Objective: The study aimed to prospectively analyze the relevant radiographic data before and after the reduction of Colles fractures with splint fixation, to analyze the related influencing factors of fracture redisplacement from the perspective of imaging indicators, and to predict the key factors through artificial machine learning. The predictive value of the screened key factors may provide a reference for the prognosis judgment of the subsequent clinical application of splint in the treatment of Colles fractures.
Methods: The study included 97 adult Colles fracture patients from January 2018 to October 2021 in the outpatient and emergency department of the Affiliated Hospital of Nanjing University of Chinese Medicine. The basic data of the patients, as well as standard frontal and lateral radiographs of the wrist before reduction, immediately after reduction, and 4 weeks after reduction and fixation were recorded. Data were collected from Radiograph. Grouping and statistics were performed according to whether fracture displacement occurred at the end of the 4-week follow-up after reduction and fixation. Two statistical methods were used for analysis to explore the risk factors for displacement, and the risk factors were were listed independently and analyzed and predicted by random forest method.

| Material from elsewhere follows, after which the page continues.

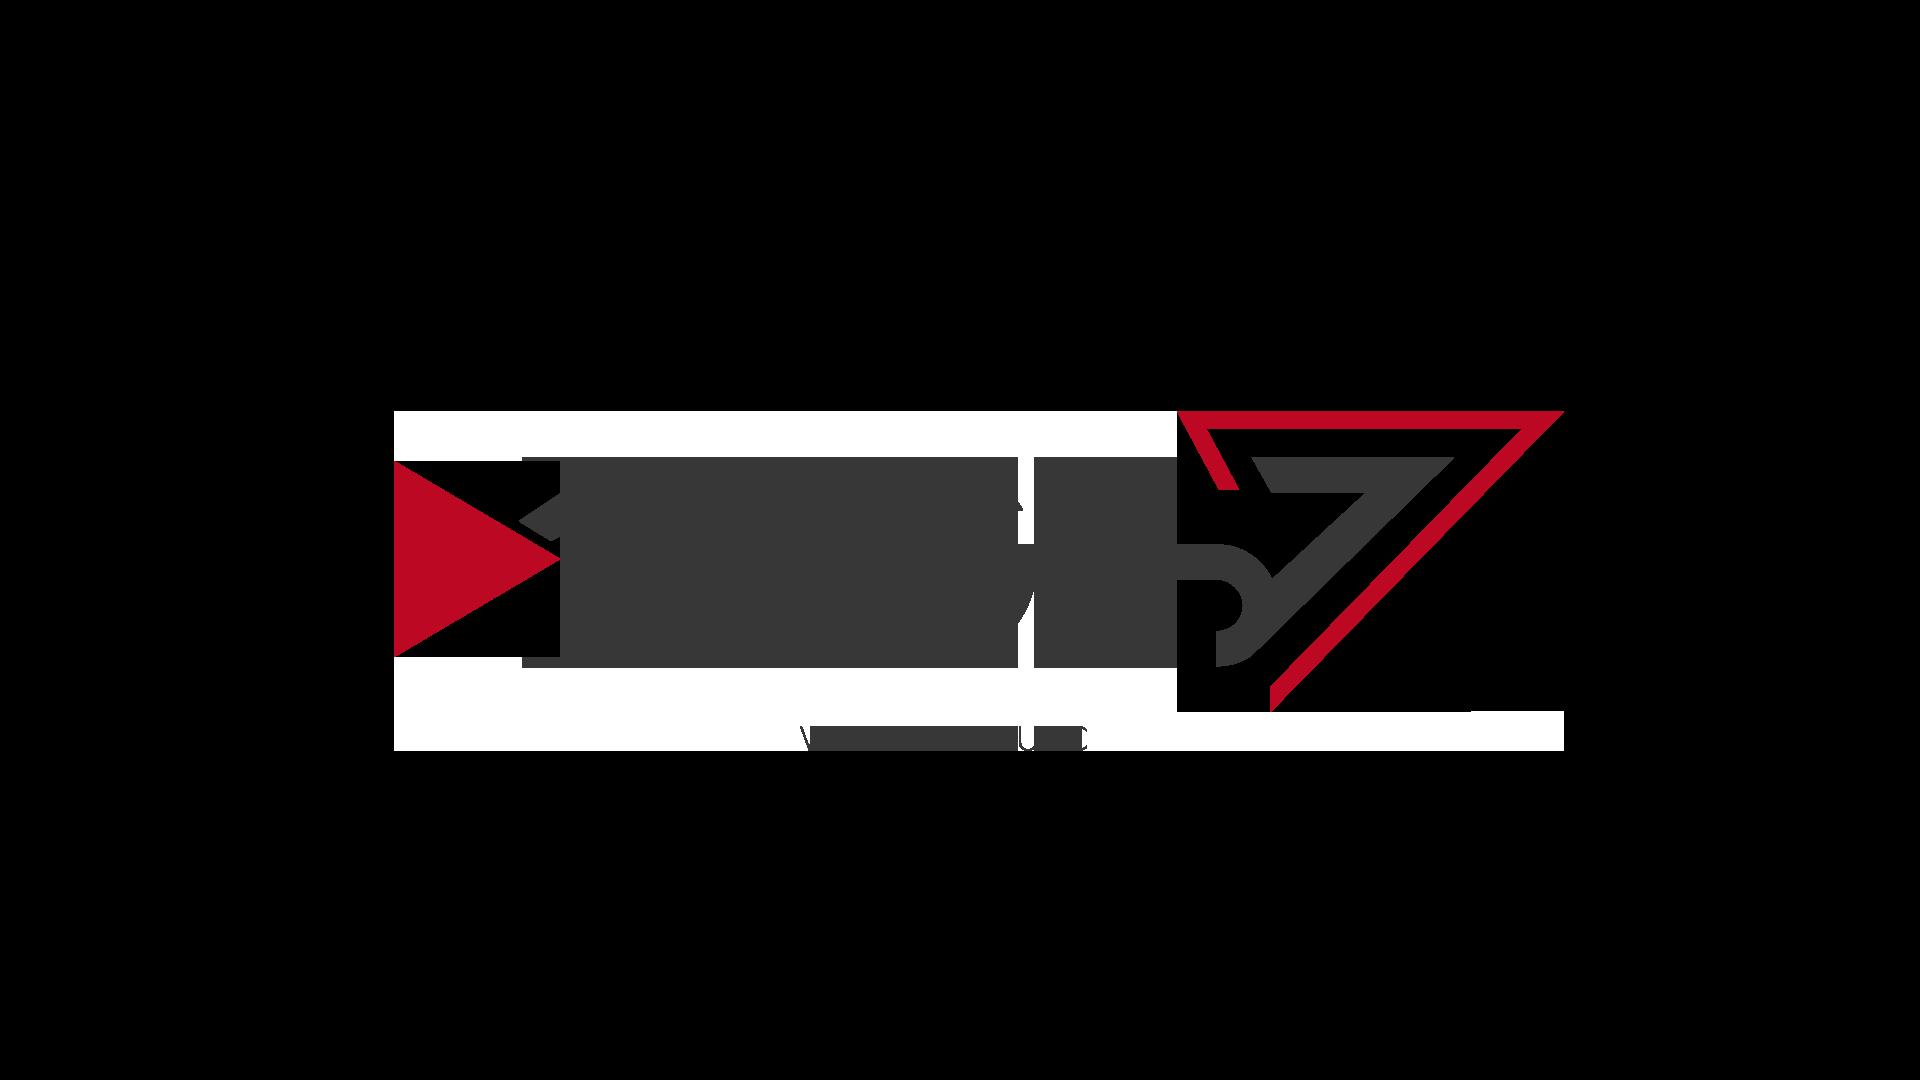 Edicion Aular - Digital Agency - Agencia Digital - Web design - Diseño Web - Diseño digital - SEO

Results: 31 patients were judged to be displaced at the end of follow-up, and an additional 66 patients were judged to be in good fracture position. The statistical analysis results showed that the risk factors for displacement after Colles fracture with splints predicted by both methods were the absence of anatomic alignment of the volar cortex, dorsally comminution, and anterior radial displacement before reduction. The above three factors were listed independently and analyzed and predicted by random forest method. The results showed that the AUC area predicted by these three indicators was 0.823, which has an ideal prediction accuracy.
Conclusion: Malalignment of the volar cortex, dorsal comminution, and radial displacement before reduction are independent risk factors for fracture redisplacement after conservative splinting of Colles fractures. Predicting fracture redisplacement based on the above conditions has reliable accuracy. For patients with the above conditions, the choice of splinting therapy should be cautious and should be fully communicated with the patient in order to achieve a better clinical prognosis.